PROVIDED ENTRIES ::
⟨

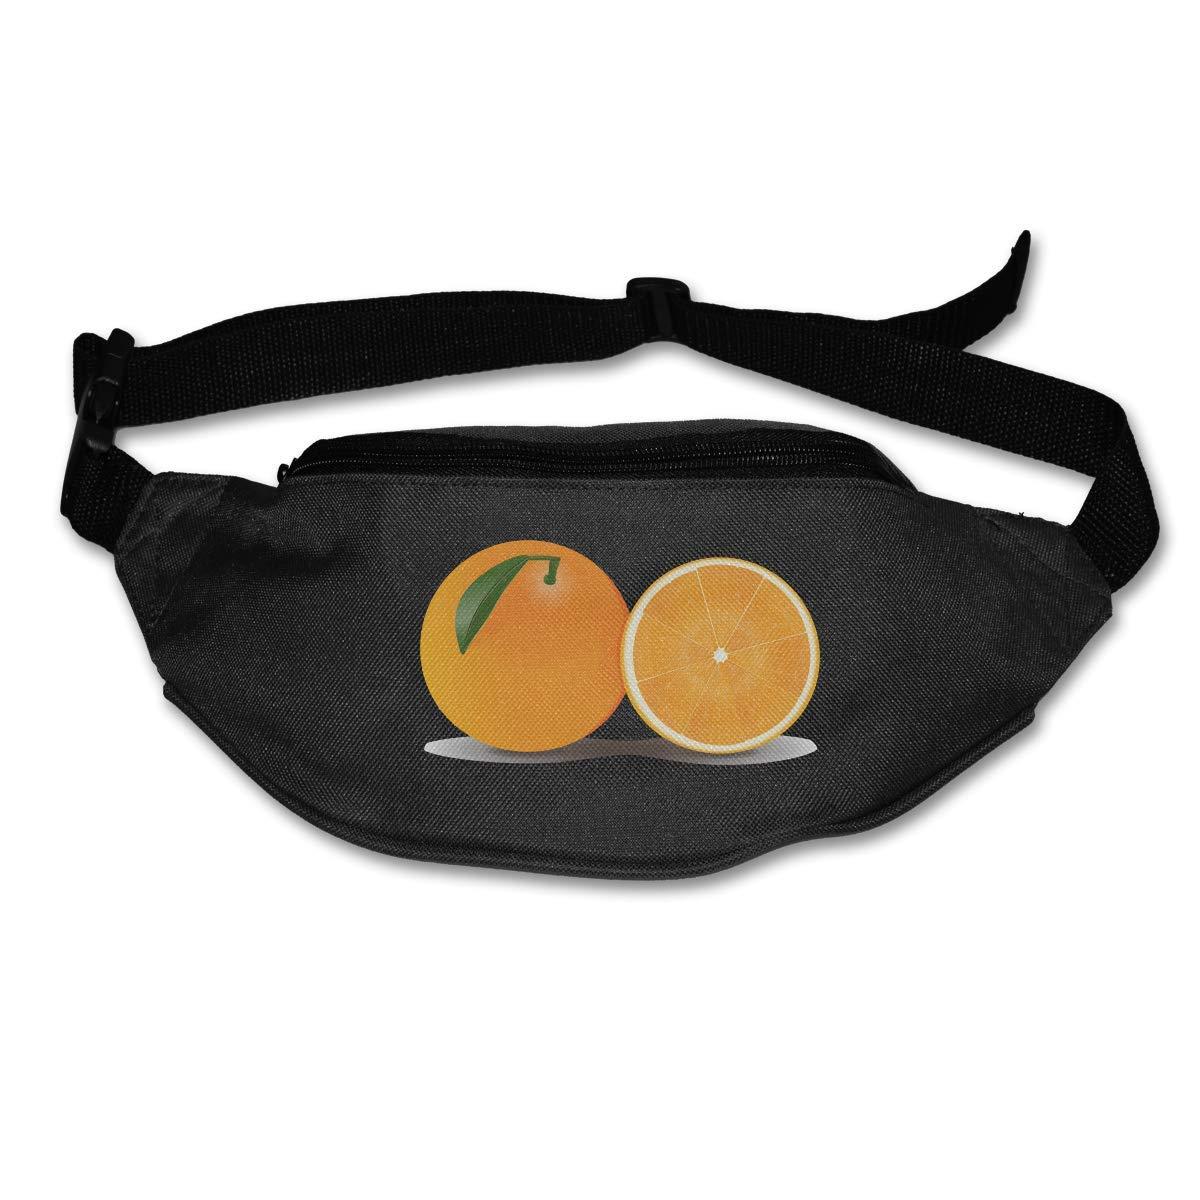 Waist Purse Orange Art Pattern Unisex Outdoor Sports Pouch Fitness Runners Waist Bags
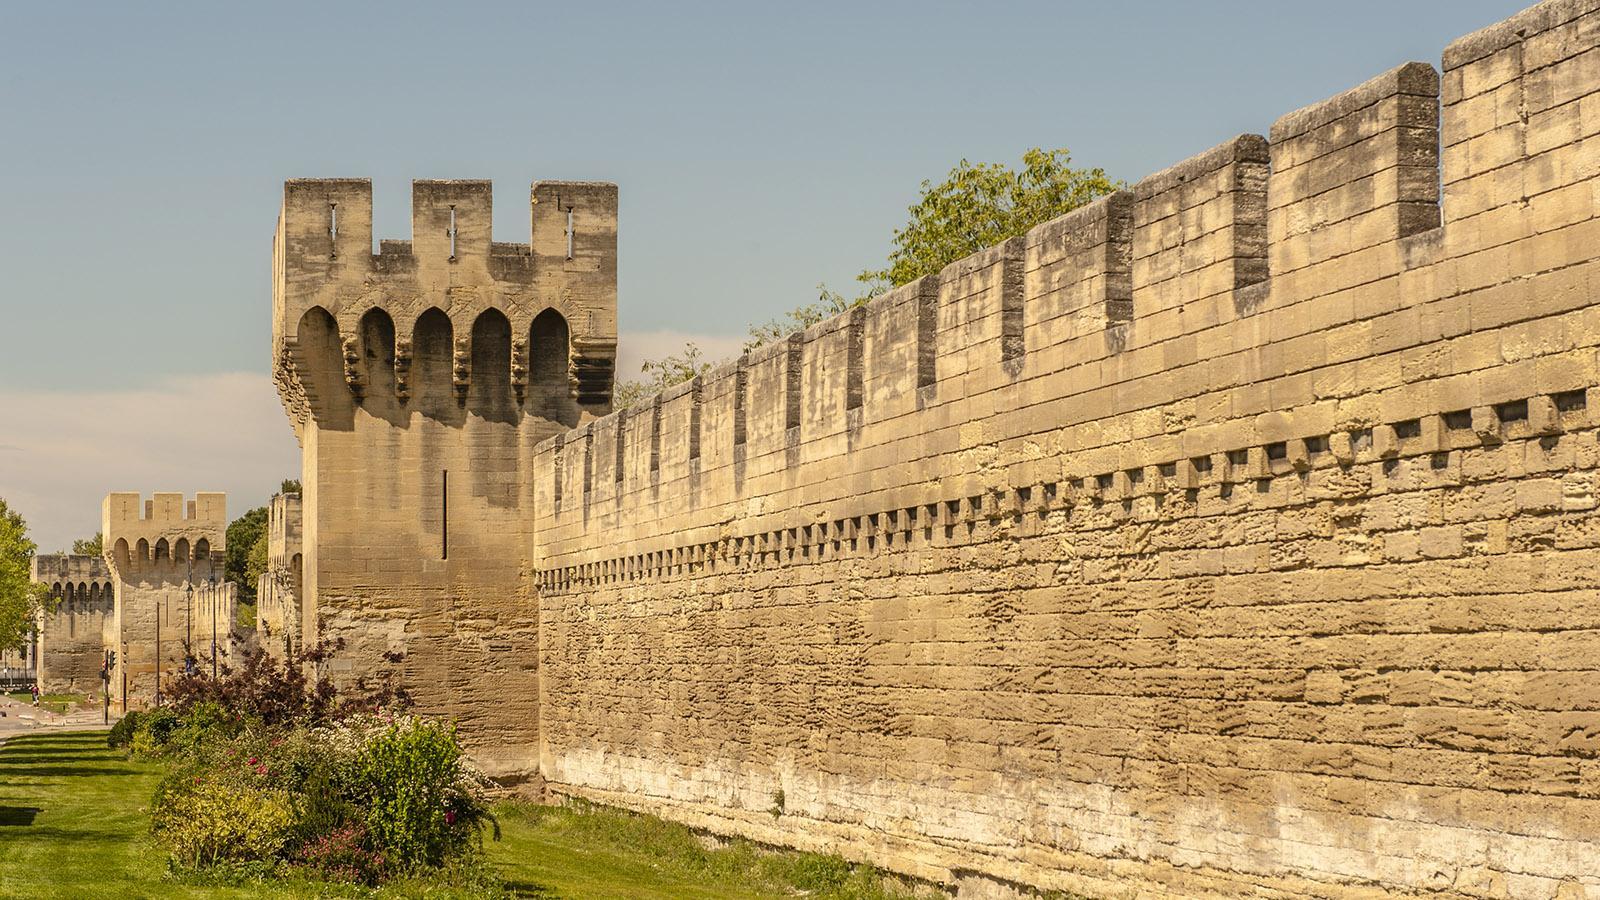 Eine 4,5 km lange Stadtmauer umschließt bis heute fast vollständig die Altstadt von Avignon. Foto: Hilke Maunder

⟩
⟨

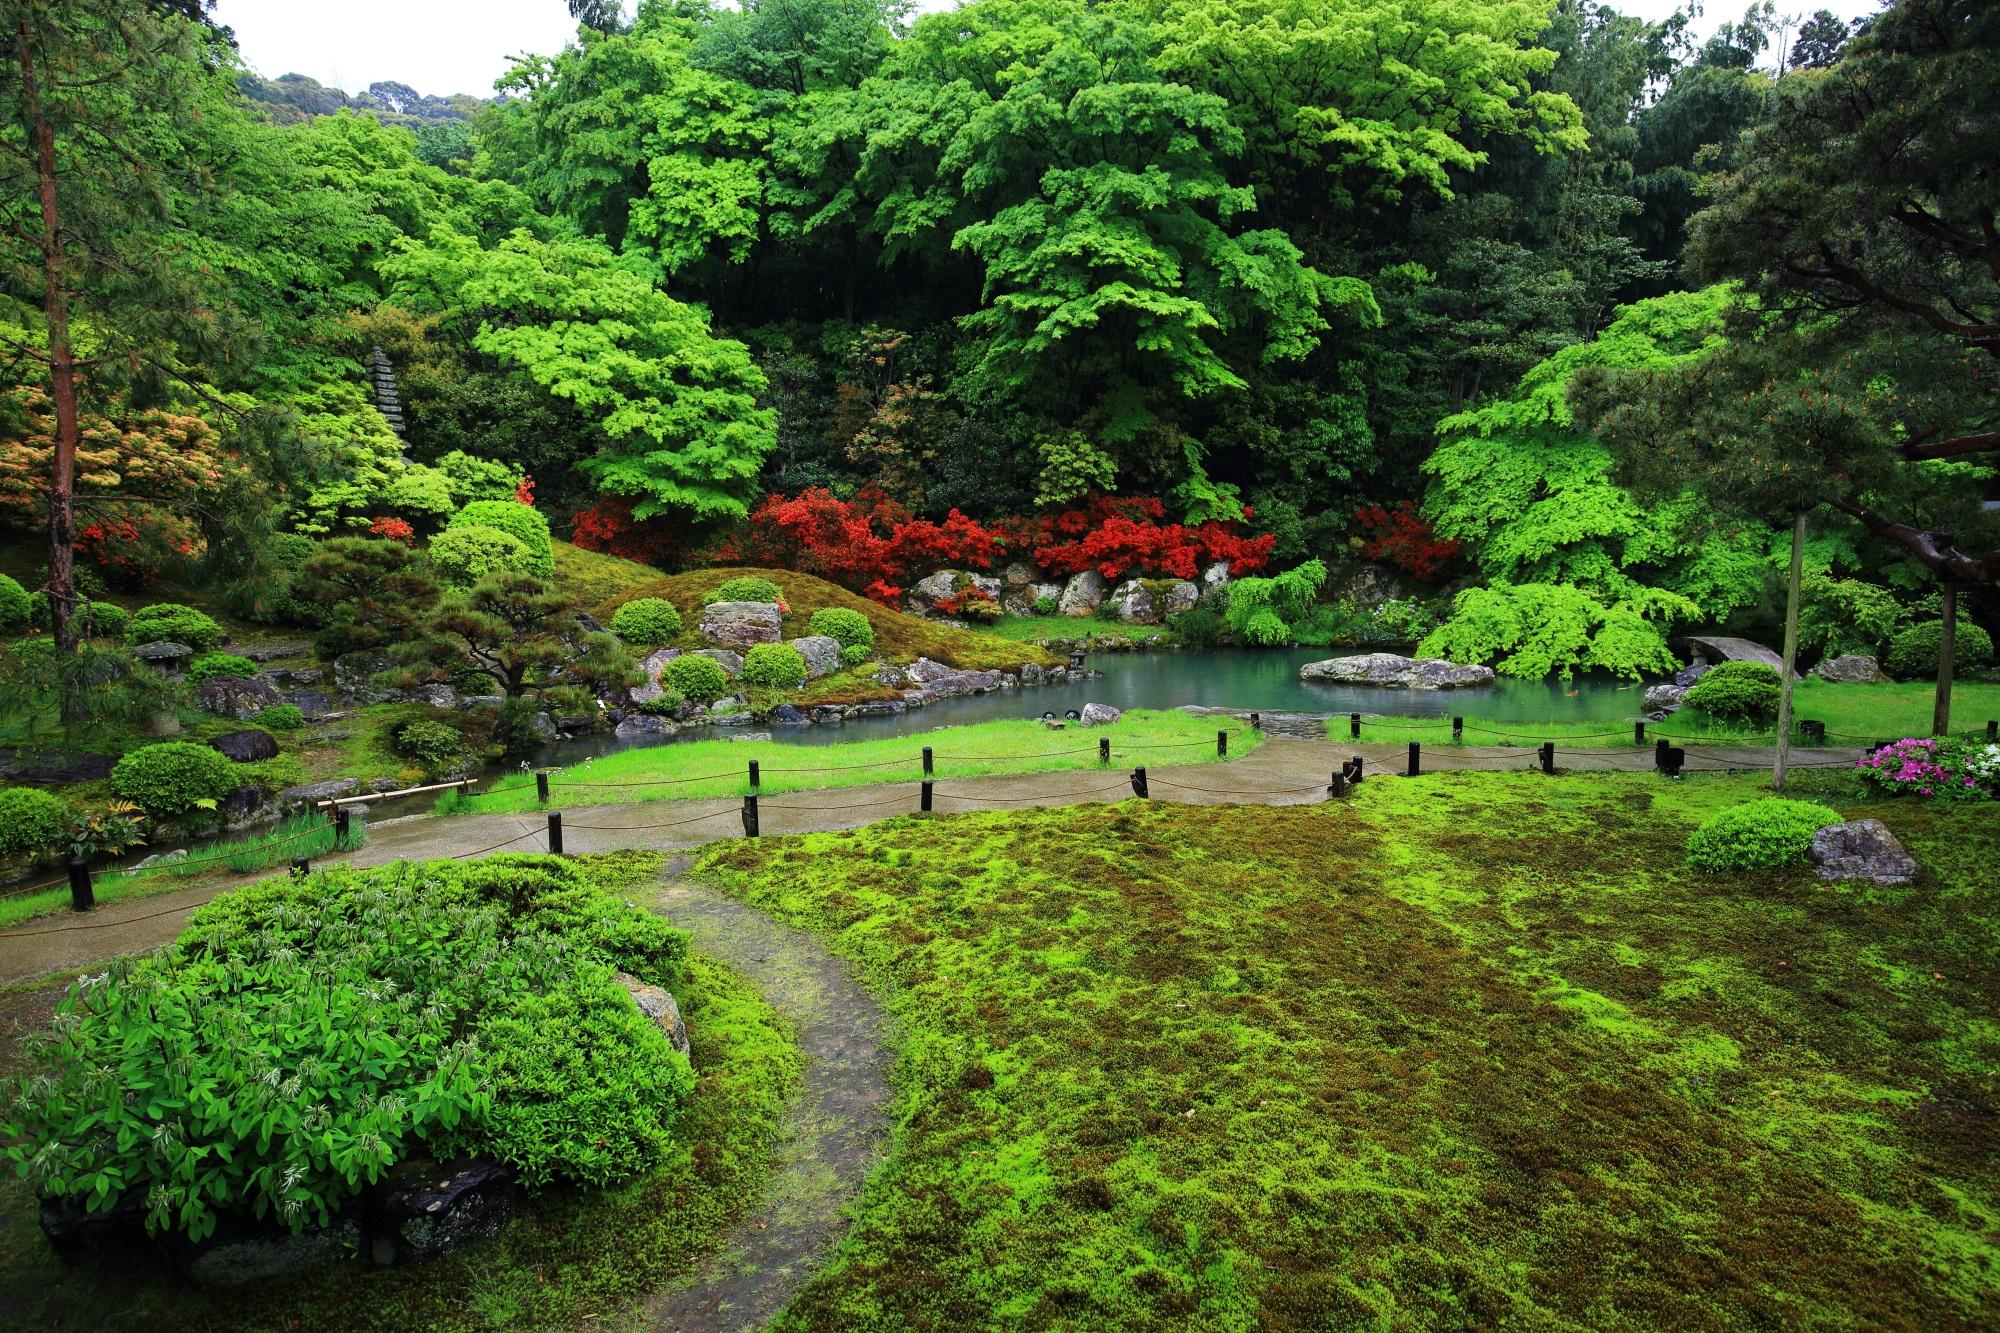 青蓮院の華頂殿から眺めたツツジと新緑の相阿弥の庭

⟩

PROBLEM DETAILS :: Retype only the lines above from the one with "Waist Purse Orange" through the one with "Eine 4,5 km", exactly and with both ends. Images stay out.

EXERCISE RESULT ::
 Waist Purse Orange Art Pattern Unisex Outdoor Sports Pouch Fitness Runners Waist Bags
 Eine 4,5 km lange Stadtmauer umschließt bis heute fast vollständig die Altstadt von Avignon. Foto: Hilke Maunder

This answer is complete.